→ **What the exercise asks**
Could you copy out every line of the data where the word "Days" occurs?

Stored data:
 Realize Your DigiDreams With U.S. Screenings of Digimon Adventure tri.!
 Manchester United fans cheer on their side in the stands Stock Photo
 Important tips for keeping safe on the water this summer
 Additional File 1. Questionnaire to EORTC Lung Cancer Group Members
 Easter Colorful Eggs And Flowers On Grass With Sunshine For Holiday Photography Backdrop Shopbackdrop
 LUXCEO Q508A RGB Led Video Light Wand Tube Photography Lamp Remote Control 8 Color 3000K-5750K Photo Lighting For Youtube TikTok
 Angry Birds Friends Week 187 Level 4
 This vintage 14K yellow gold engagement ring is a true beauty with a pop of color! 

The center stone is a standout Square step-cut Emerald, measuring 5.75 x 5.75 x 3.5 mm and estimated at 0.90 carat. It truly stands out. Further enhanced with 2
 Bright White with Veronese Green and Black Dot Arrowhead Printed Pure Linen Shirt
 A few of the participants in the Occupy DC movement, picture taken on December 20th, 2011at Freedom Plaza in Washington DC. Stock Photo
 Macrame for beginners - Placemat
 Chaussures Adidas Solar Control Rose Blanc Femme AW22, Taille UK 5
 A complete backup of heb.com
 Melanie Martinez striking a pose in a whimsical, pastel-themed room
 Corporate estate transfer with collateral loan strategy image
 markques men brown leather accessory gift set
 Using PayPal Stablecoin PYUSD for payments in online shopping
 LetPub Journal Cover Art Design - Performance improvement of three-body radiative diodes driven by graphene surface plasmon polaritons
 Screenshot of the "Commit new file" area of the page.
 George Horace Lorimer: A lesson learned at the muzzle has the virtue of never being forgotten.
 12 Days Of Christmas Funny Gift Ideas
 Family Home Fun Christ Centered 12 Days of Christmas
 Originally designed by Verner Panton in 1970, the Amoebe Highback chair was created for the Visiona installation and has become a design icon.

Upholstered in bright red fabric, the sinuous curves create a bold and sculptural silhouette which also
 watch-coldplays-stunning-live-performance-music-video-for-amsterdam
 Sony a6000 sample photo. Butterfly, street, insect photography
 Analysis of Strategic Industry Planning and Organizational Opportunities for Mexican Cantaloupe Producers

→ **Completed exercise**
 12 Days Of Christmas Funny Gift Ideas
 Family Home Fun Christ Centered 12 Days of Christmas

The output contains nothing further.